Supplied records
Start of Block

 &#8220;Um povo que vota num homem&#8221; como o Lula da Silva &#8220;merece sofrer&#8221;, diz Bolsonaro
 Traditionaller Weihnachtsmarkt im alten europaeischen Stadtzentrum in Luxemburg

End of Block
Start of Block

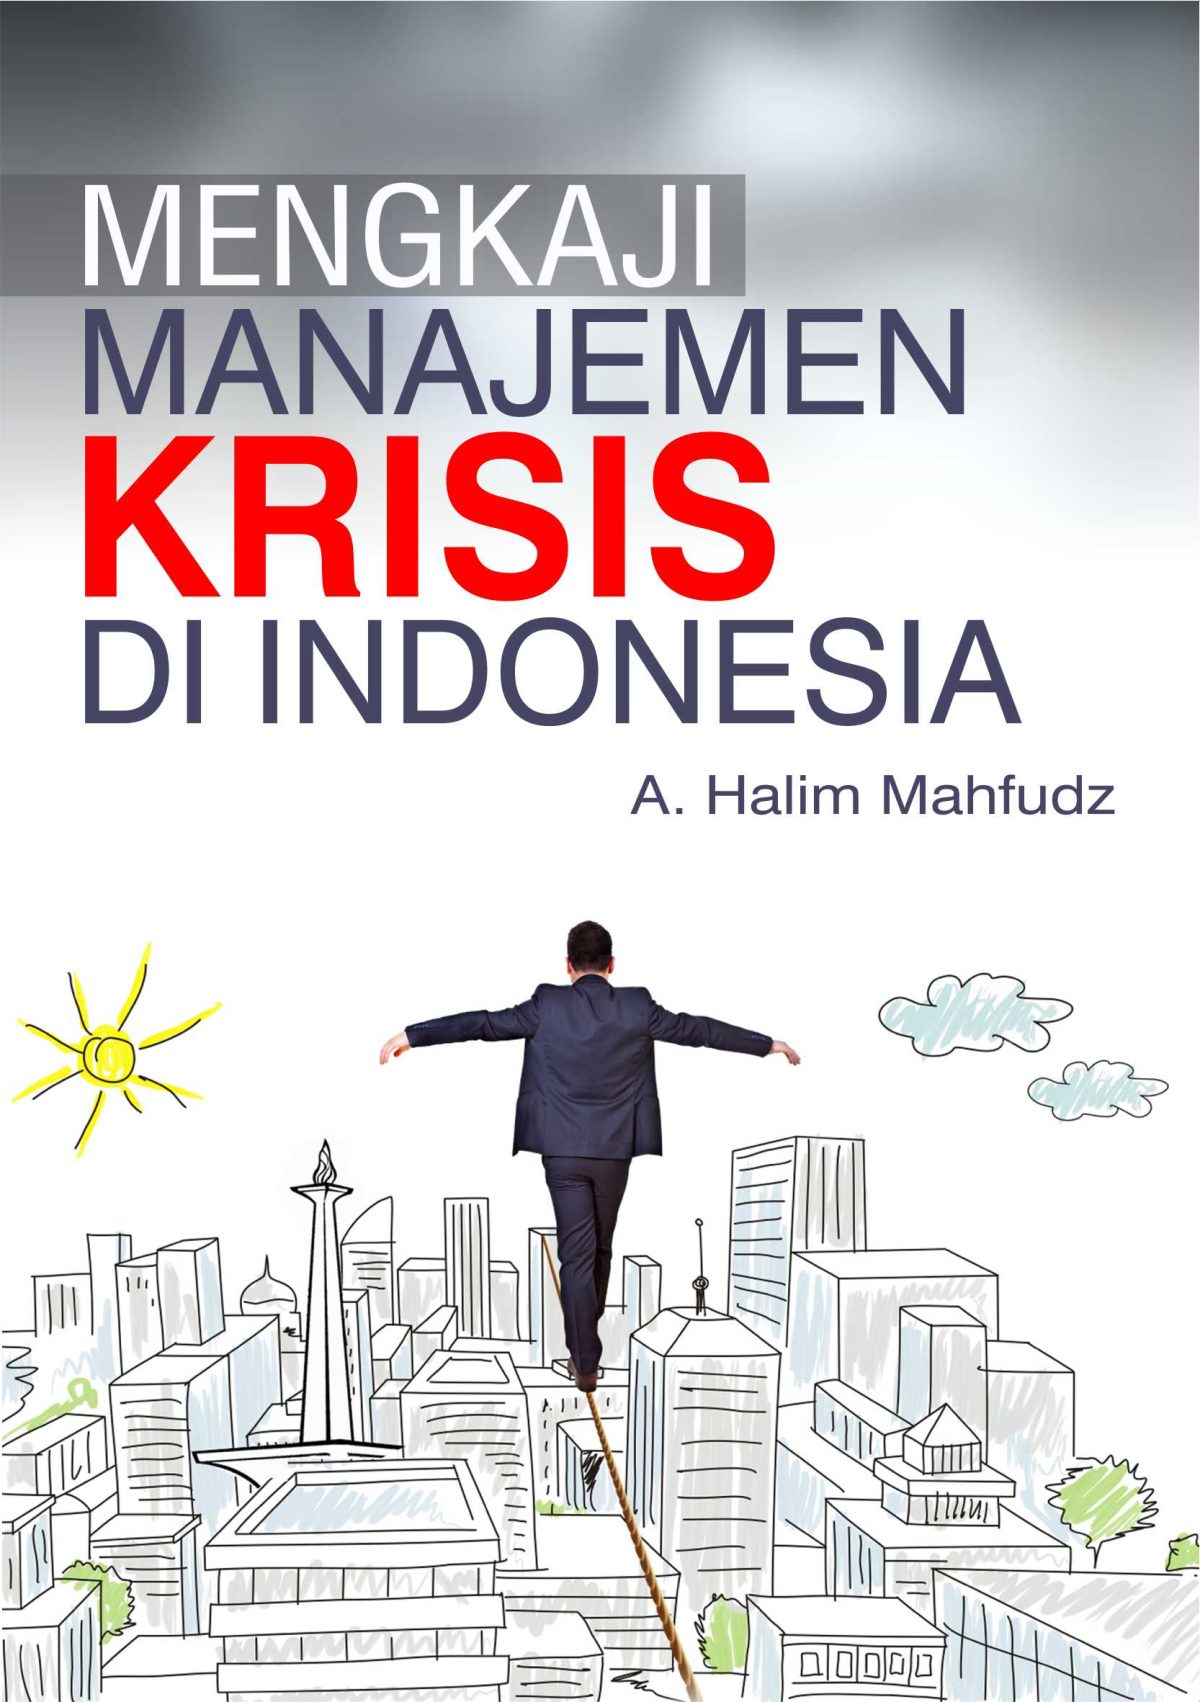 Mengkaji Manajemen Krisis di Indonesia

End of Block

Exercise prompt
Reproducing the whole listing above is not the task. Copy exactly only the lines from the one with "sofrer&#8221;, diz Bolsonaro" to the one with "Traditionaller Weihnachtsmarkt im", both kept.

Solution
 &#8220;Um povo que vota num homem&#8221; como o Lula da Silva &#8220;merece sofrer&#8221;, diz Bolsonaro
 Traditionaller Weihnachtsmarkt im alten europaeischen Stadtzentrum in Luxemburg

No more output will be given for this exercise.